Differential equations are mathematical expressions that describe how a particular quantity changes over time. They are fundamental tools used in modeling natural phenomena, such as population dynamics. In the context of the Lotka-Volterra model, differential equations help determine how the populations of two interacting species change because of factors like intrinsic growth rates and carrying capacities.

The system of differential equations in our exercise makes use of various parameters for each species. For species 1, the differential equation is:- \[ \frac{dN_1}{dt} = 2N_1\left(1 - \frac{N_1 + 0.2N_2}{20}\right) \]- Similarly for species 2: \[ \frac{dN_2}{dt} = 3N_2\left(1 - \frac{N_2 + 0.2N_1}{15}\right)\]
These equations account for each species' growth rate, their maximum sustainable population (carrying capacity), and the influence they have on one another through interaction coefficients.

Interspecific competition refers to the competition between different species for the same resources in an ecosystem. In our model, this competition is quantified by interaction coefficients, which are numbers that measure the impact of one species on the growth of another species.

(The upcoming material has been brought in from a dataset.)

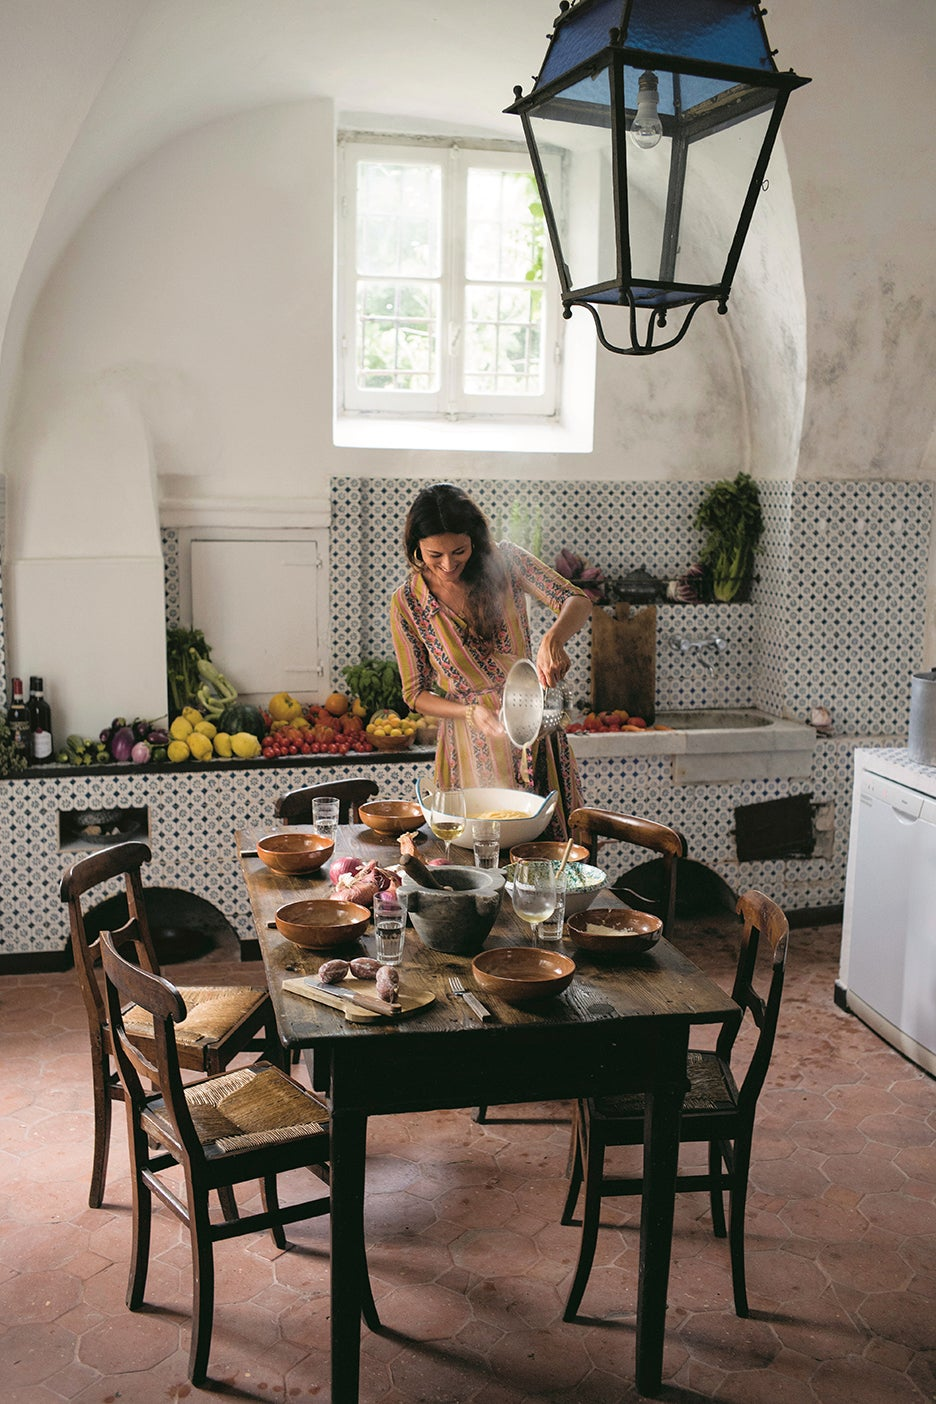 mimi thorisson in kitchen

In the Lotka-Volterra model, these coefficients help us understand how the presence of one species affects the other. In this exercise:- The interaction coefficient \(\alpha_{12} = 0.2\) indicates that 20 individuals of species 2 affect species 1 similarly to 4 individuals of species 1.- Similarly, \(\alpha_{21} = 0.2\) means that 30 individuals of species 1 have a similar effect on species 2 as 6 individuals of species 2 have on themselves.

These coefficients are crucial as they define how significantly species influence each other's growth and survival, thereby affecting their population dynamics.

Carrying capacity, denoted as \(K\), is the maximum number of individuals of a species that an environment can sustain over time without degrading the environment. It's a key concept in understanding population dynamics.

Within the Lotka-Volterra model, carrying capacities are used to establish the limits of growth for each species. In this exercise:- Species 1 has a carrying capacity \(K_{1} = 20\).- Species 2 has a carrying capacity \(K_{2} = 15\).

• These values represent the maximum population sizes the environment can support before resources become limited or environmental conditions degrade.
• As populations approach their carrying capacity, their growth rates slow down, which is visible in the form of the differential equations used in the model.

The carrying capacity is crucial in limiting the population size and helps predict long-term dynamics of the populations.

Population dynamics is the study of how populations change over time due to births, deaths, and interactions such as predation or competition. The Lotka-Volterra model provides insights into these changes through mathematical equations.

By using this model, researchers can predict: - How populations will grow or shrink over time, - The impact of environmental factors, - The influence of interspecies interactions, like competition.

In our specific exercise: - Species 1 grows at an intrinsic rate of 2, meaning without competition or environmental constraints, it would double its population rapidly. - Species 2 has an intrinsic growth rate of 3, suggesting a faster potential increase.

• The equations incorporate both the intrinsic growth rates and the competition coefficients to assess how these populations interact and stabilize or change over time.

Understanding population dynamics is essential for ecologists and conservationists in managing ecosystems and ensuring sustainable coexistence of species.